Take a look at the WTI and Brent crude oil prices after OPEC

IG analyst, Shaun Murison, takes a look at the Brent and WTI crude oil price charts in the wake of the decision by OPEC and some non-OPEC oil producers to raise output by 1 million barrels a day.

Oil markets react to news of production increase

Oil markets have reacted to the news that the Organisation of the Petroleum Exporting Countries (OPEC) and non-OPEC nations will look to increase output by one million barrels per day (bpd). Initial gains in crude oil prices were perhaps a result of the announced increase falling below levels previously suggested by Saudi Arabia and Russia. Those countries had suggested an increase of 1.5 million bpd.


Comments from OPEC producers Iran and Iraq suggest that the output increase may fall short of the one million bpd target and may only realize a range of 500,000 to 770,000 bpd, as some countries would find difficulty in hitting the new quotas.

The US crude benchmark, WTI, rose more than 5% in the immediate aftermath of the increase announcement. The Brent crude benchmark managed to add 3.5% on the day. The gains were then pared.

OPEC meeting

Your essential guide to Organization of the Petroleum Exporting Countries (OPEC) meetings – find out how they affect global oil prices and other energy markets.

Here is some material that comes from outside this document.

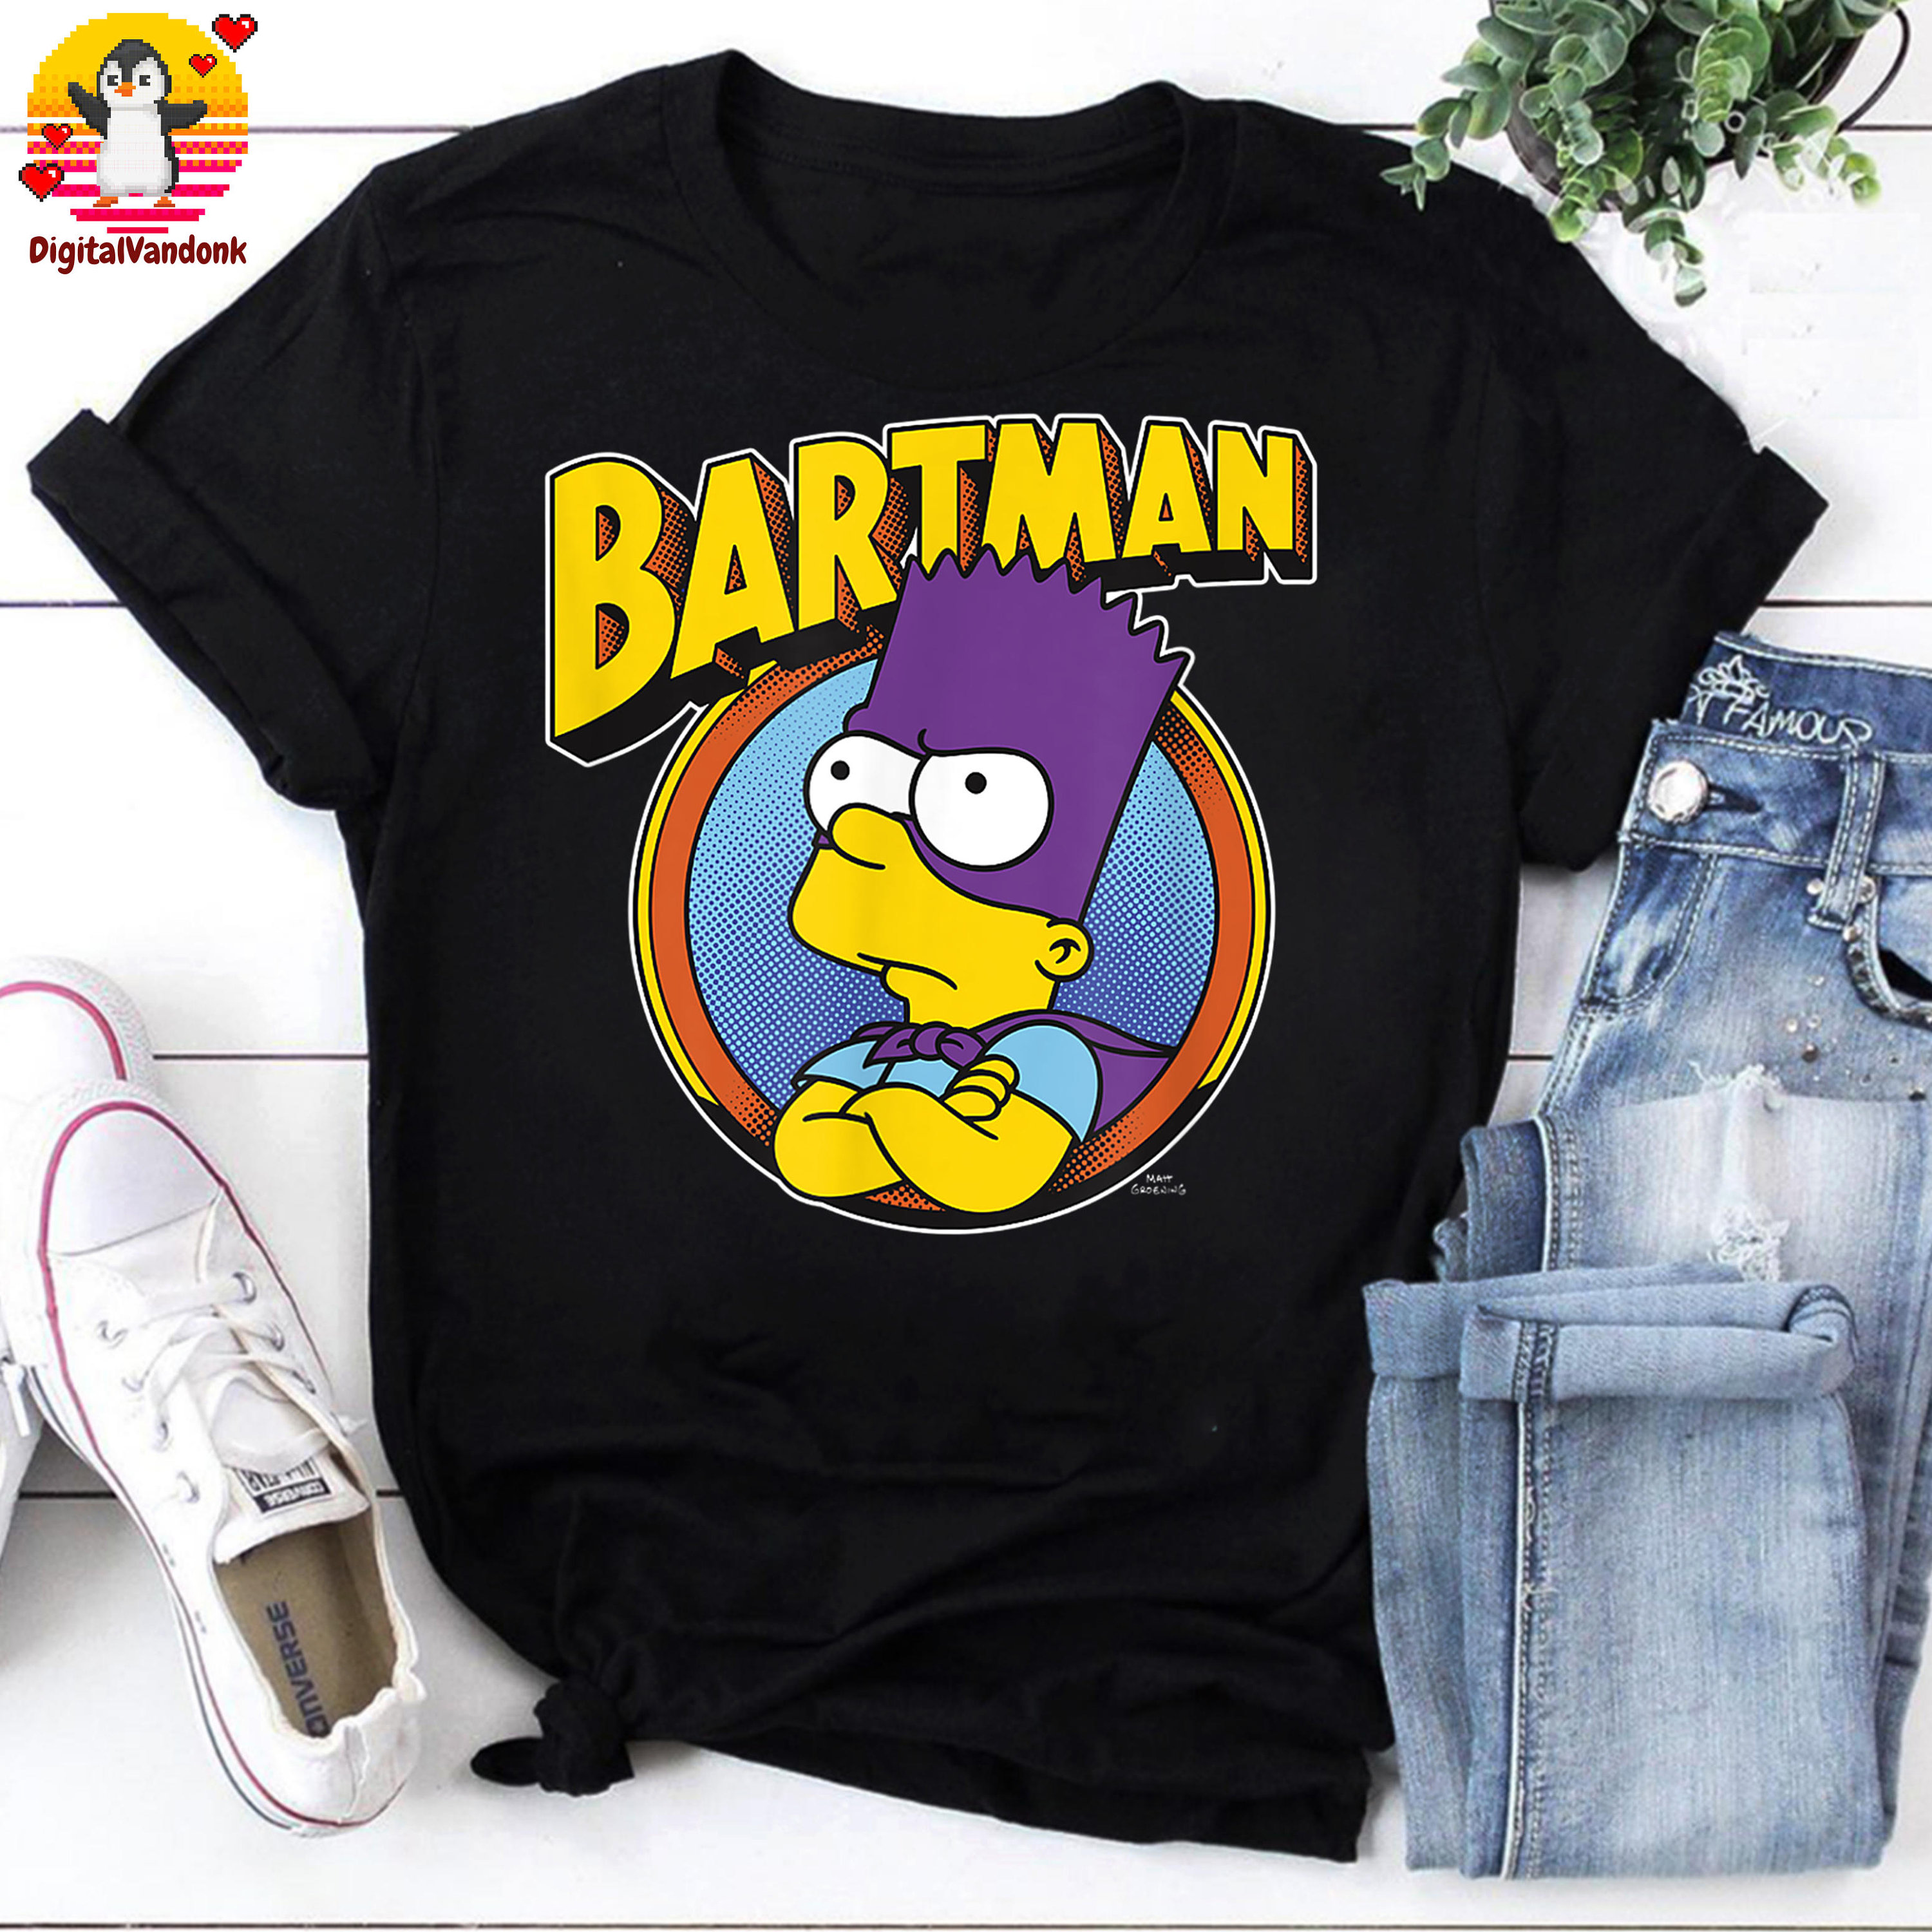 Tee Shirt Vintage Bartman 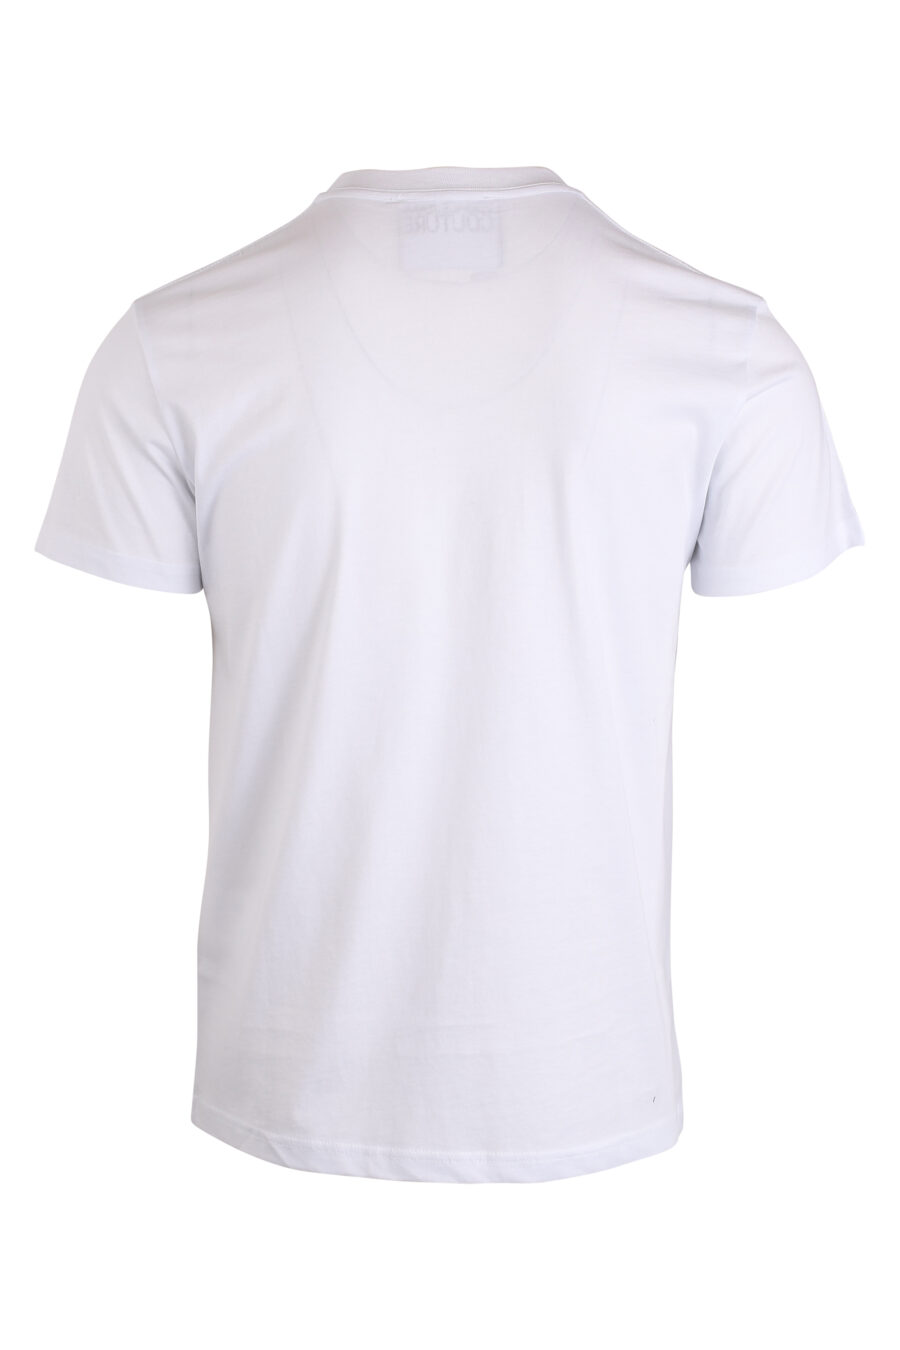 Camiseta blanca con logo redondo pequeño dorado - IMG 4211

Trade idea based on relationship between Brent and WTI crude oil benchmarks

Rather than looking at trading a purely one direction bias in the oil markets, the relationship between WTI and Brent might be deviating enough to offer a market neutral or pair trading opportunity.

The below chart looks to help identify this potential opportunity.

Brent Crude vs US Crude (WTI)

The chart is the Brent candlestick with a relative strength comparison (RSC) indicator added. The RSC (blue line) compares the price of one security with that of another in a ratio format.  The RSC has experienced a decline in value recently, which highlights that security 1 (Brent) has been underperforming security 2 (WTI). Bollinger bands have been added to the RSC and highlight the underperformance of security 1 relative to the usual relationship of the two securities.

It is expected that the relationship between the two securities will revert back to normality favouring a possible pair trade opportunity i.e. long Brent and short WTI. The target from the technical persepective would be for the RSC to move back towards the 20 moving average (red line) which is regarded as the mean. This could occur with the price movements of the securities in a number of ways;

  1. Brent rising and WTI falling
  2. Brent rising faster than WTI rising
  3. Brent falling slower than WTI falling

Should one of these scenarios play out successfully, the expectation would be for a net gain of 4.4%. A stop-loss would be considered equal to the anticipated gain of 4.4%.